Я понял, что ему надо что-то обсудить со мной, но он не хочет делать этого по телефону. В наших телефонных разговорах никогда не проскакивало то, что я являюсь его адвокатом. Я предполагал, что он собирается преподнести этот факт в качестве сюрприза для Феррагамо в нужный момент.
– О'кей? – уточнил он.
– О'кей.
Я допил кофе, натянул свои джинсы и мокасины и выждал двадцать минут, чтобы потом совершить десятиминутную прогулку до ворот «Альгамбры». Вы думаете, этот сукин сын уже прохаживался там? Нет. Тогда я подошел к сторожевому домику и постучал в дверь. Мне открыл Энтони-Горилла.
– Что? – спросил он.
Через его плечо я мог видеть одну из комнат домика. Она совсем не была похожа на подобную комнату у Аллардов, и в ней находилось еще одно гориллоподобное существо, видимо, это был Винни. За столом вместе с ним сидели две женщины, сильно смахивающие на проституток. Должно быть, это были Ли и Делия. Винни и проститутки, как мне показалось, нагло ухмылялись, глядя на меня.
Горилла снова повторил свое приветствие:
– Что?
Я переключил внимание на него.
– Ты что, не в курсе, почему я сюда пришел? Если меня позвали, ты должен сказать: «Доброе утро, мистер Саттер. Мистер Беллароза ждет вас». А свое «что» оставь при себе. Capisce?
Прежде чем Энтони успел извиниться или сказать что-то еще, на пороге появился дон Беллароза собственной персоной. Он что-то сказал Энтони на итальянском, затем сошел с крыльца и, взяв меня под руку, повел прочь.
Беллароза был в своем обычном костюме, то есть в блейзере, водолазке и брюках. Цвета на этот раз были выбраны соответственно – коричневый, белый и бежевый. Я заметил также, что он приобрел себе пару мокасин, а на левой руке носил теперь часы спортивного фасона «Порше», ценой долларов в двести. Кажется, он начал вживаться в образ обитателя здешних мест, вот только осталось растолковать ему, что нельзя носить нейлоновые эластичные носки.

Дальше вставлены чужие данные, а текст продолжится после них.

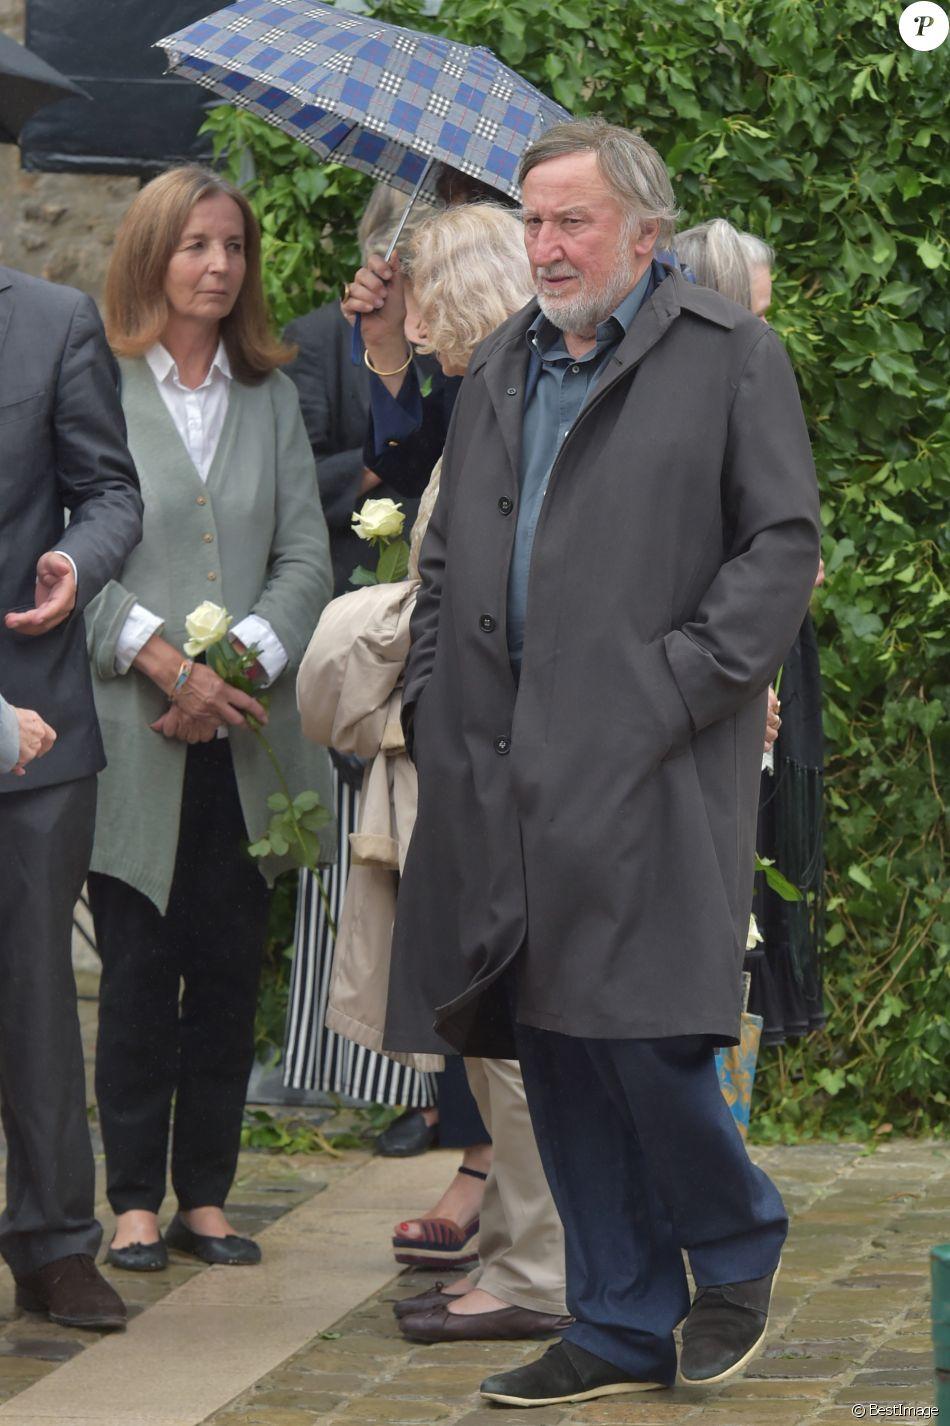 Jean fran ois balmer lors des obs ques de claude rich en l 39 glise saint pierre saint paul d - Jean francois balmer et sa femme ...

Мы шли по Грейс-лейн в сторону Фокс-Пойнт.
– Таких людей, как Энтони, лучше не выводить из себя, – предупредил меня Беллароза.
– Пусть лучше он больше не выводит меня из себя.
– Да?
– Послушай. Если ты пригласил меня на свою территорию, то твои головорезы должны относиться ко мне с уважением.
– Да? Так ты тоже заговорил об уважении? Ты что, итальянец, что ли? – удивился он.
– Послушай, Фрэнк, ты сегодня же предупредишь своих молодцов, включая твоего шофера Ленни и этих недоумков с их стервами, что дон Беллароза относится к мистеру Саттеру с уважением и требует этого же от остальных.
Он молча смотрел на меня.
– Хорошо, но только не заставляй больше меня ждать тебя. О'кей?
– Постараюсь.
Мы пошли дальше по Грейс-лейн. Интересно, сколько людей сейчас наблюдало за нами из своих «башен из слоновой кости»?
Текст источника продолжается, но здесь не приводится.